AMISTAD (42)
Directed by: Steven Spielberg
Starring: Djimon Hounsou, Matthew McConaughey, Anthony Hopkins, Morgan Freeman
The Pitch: Rebellious slaves aboard a 19th-century transport ship are caught, and put on trial for murder.
Theo Sez: Speeches, epiphanies, tribulations, heavenly choirs, three (count 'em) trials and a gaggle of British actors - Hopkins, Pete Postlethwaite, Jeremy Northam - arguing the finer points of the American Constitution : white guilt gets a pretty definitive seeing-to in this turgid epic, hugely overblown in this director's trademark style though also featuring some superb visuals - mostly in the opening half-hour, doing breathtaking things with mist-filtered light, the glint of a sword or the hugeness of the night sky (one shot especially - the African families huddled on deck in their robes and head-dresses, absolutely still and craning out into the mist - is so perfectly composed you half-expect it to be on sale in the foyer as you go out). The rest is a sorry sight, not always as giggle-inducingly silly as its infamous "Give us free" sequence (it's the build-up that makes it so hilarious, all that escalating paranoia toppling over into bathos), but still sobering evidence of how you can only talk about certain things in Hollywood movies if you reduce them to meaningless abstractions.

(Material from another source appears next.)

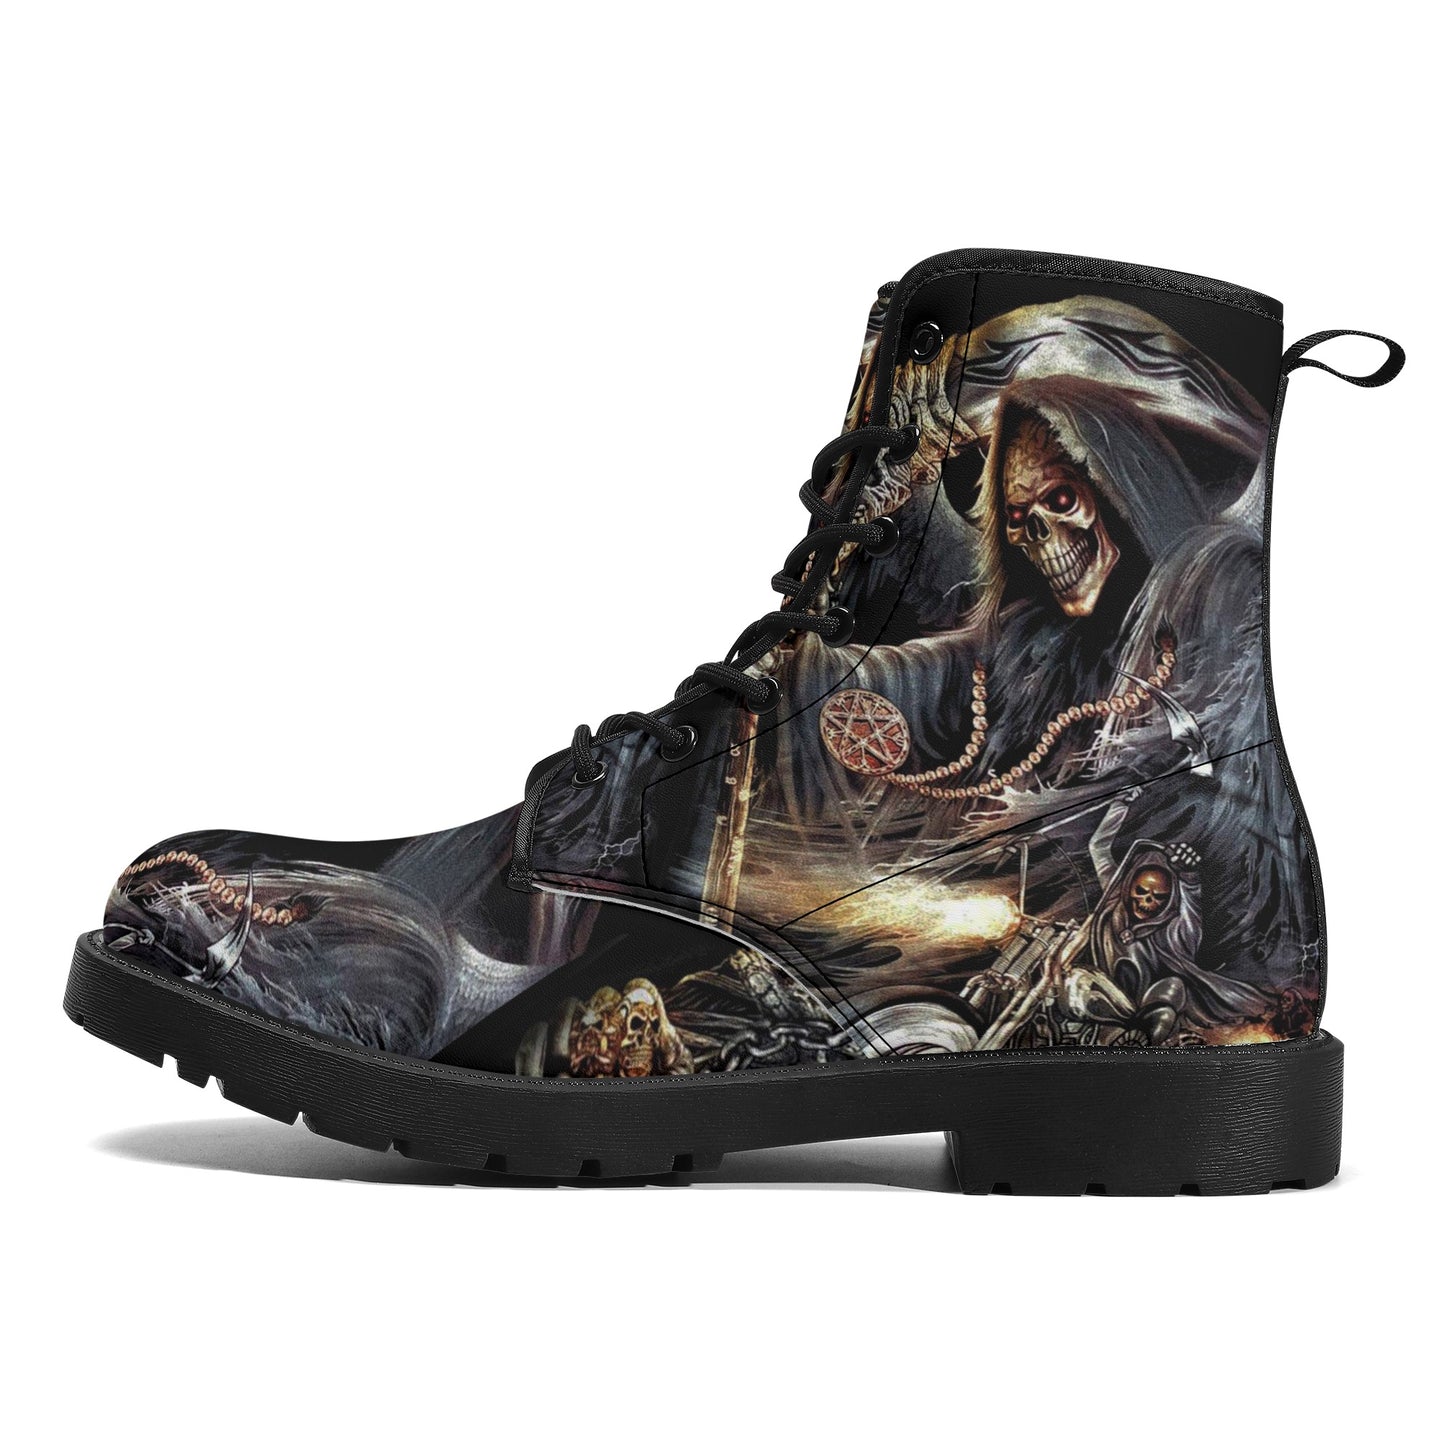 Skull boots, sugar skull leather boots, Halloween skeleton boots for women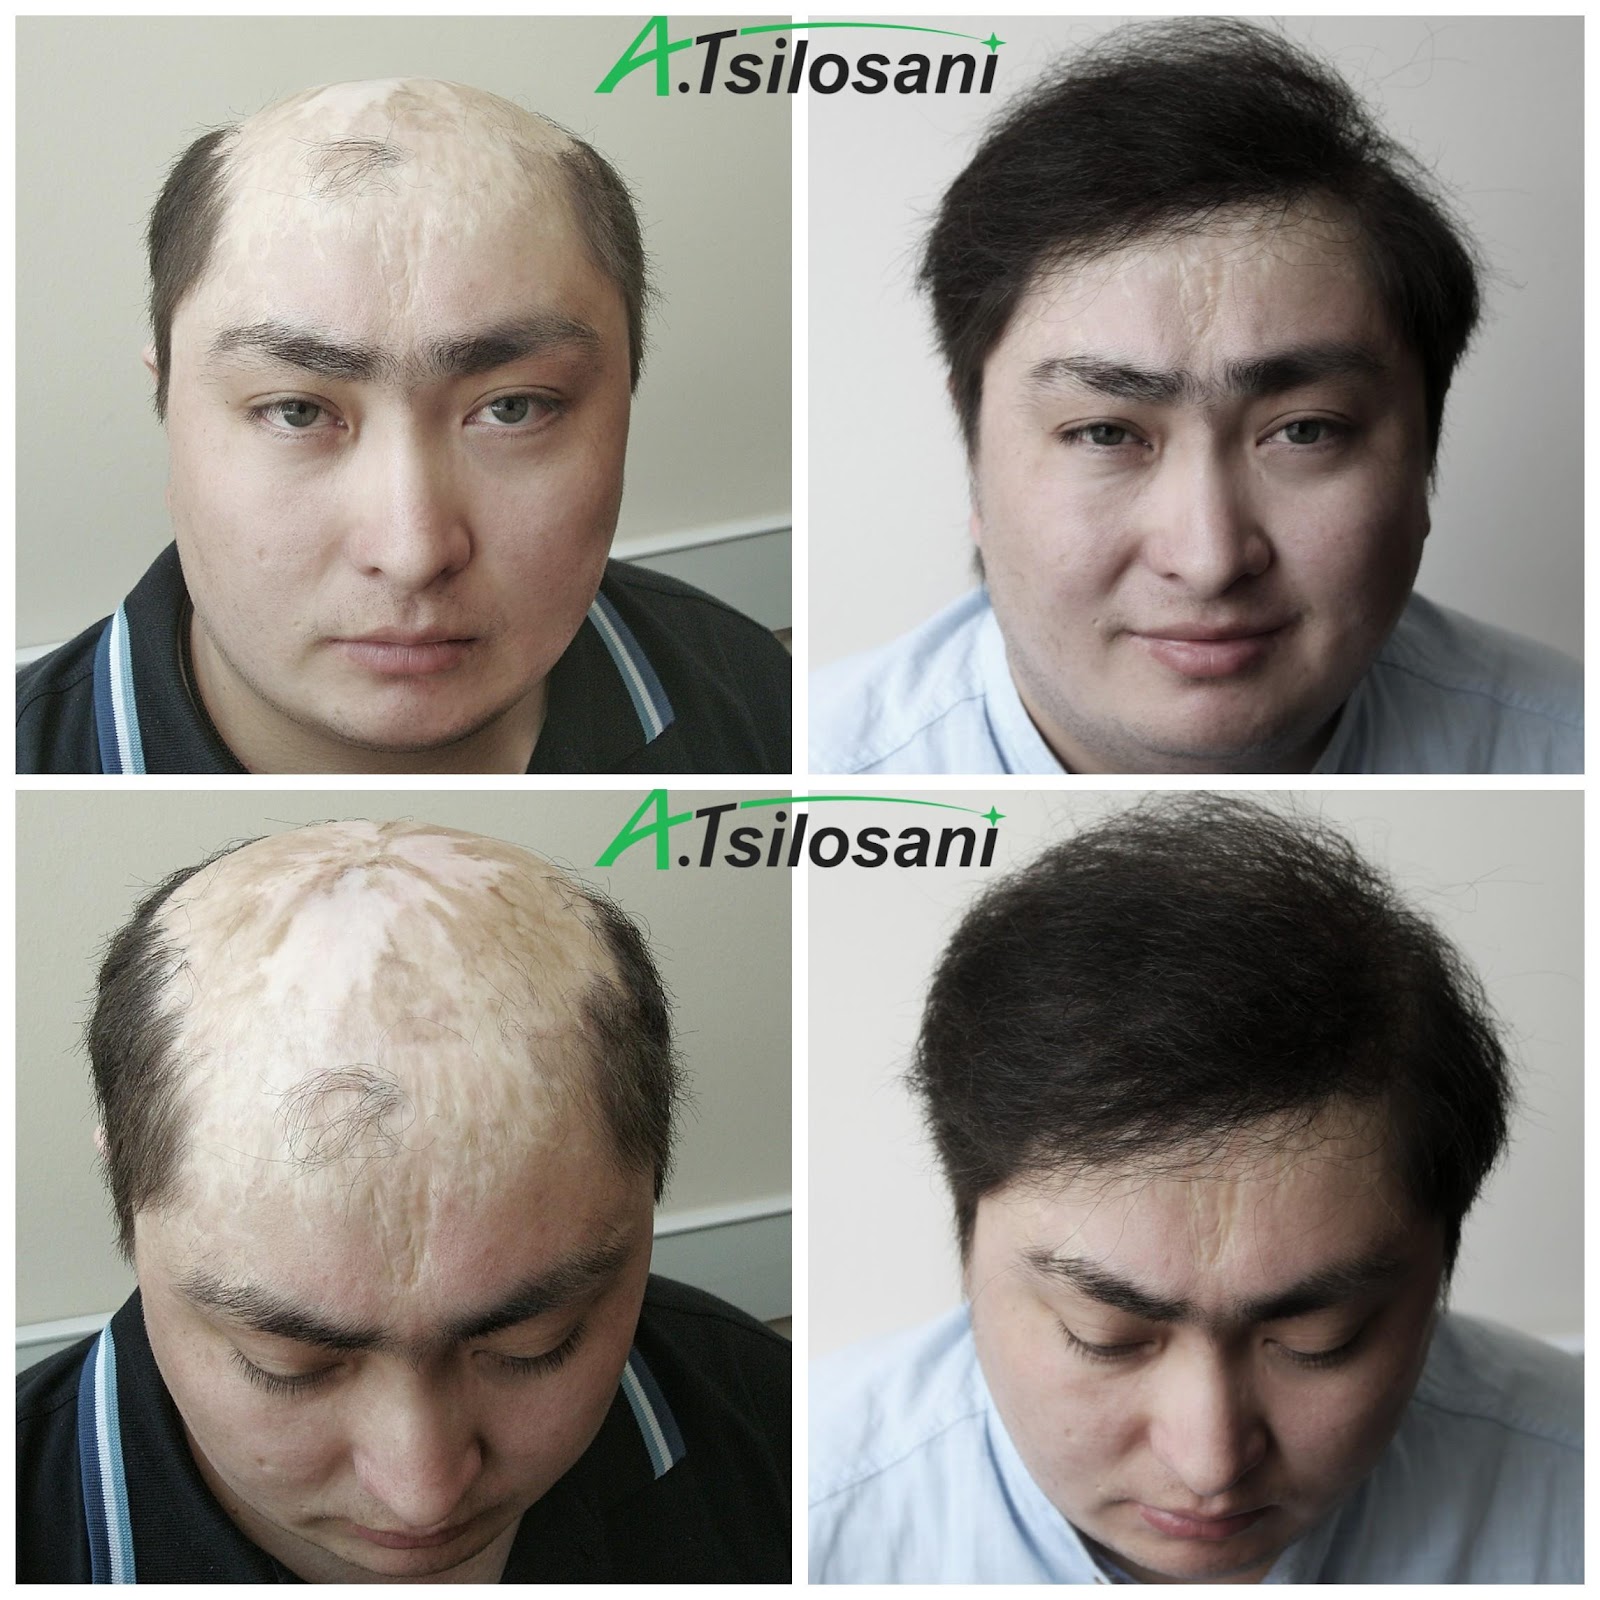 Foto%2012.%20Hair%20transplant%20before%20and%20after%205000%20grafts%20with%20FUT%20method%20

The film objectifies its slave "heroes" right from the opening shot of a strange glimmering something that looks like a hunk of ebony but turns out to be a black man - they're sculpted against the light, not even subtitled when they speak : mysterious and unknowable, ineffably Other (which, no doubt, is the only way to pre-empt lobbying by African-American groups - you can't be accused of stereotyping if you don't actually say anything). The plotting is as diffuse as the characters, endlessly dragging out a fairly simple case (our heroes' lawyer summarises the legal issues involved in just a couple of sentences) ; everything - even the relatively good stuff, like the southern Senator's silky-voiced threats - goes on too long ; leaden Messages are declaimed, never debated ("the natural state of Man is freedom," croaks Hopkins in the climactic speech - though it's at least arguable that Man only became human when he started to relinquish freedom). It's a veritable sea-storm of portentousness ; the actors - Freeman in a nothing part, Hopkins shuffling and squinting, McConaughey in a get-up that makes him look like the Artful Dodger - go down with the ship.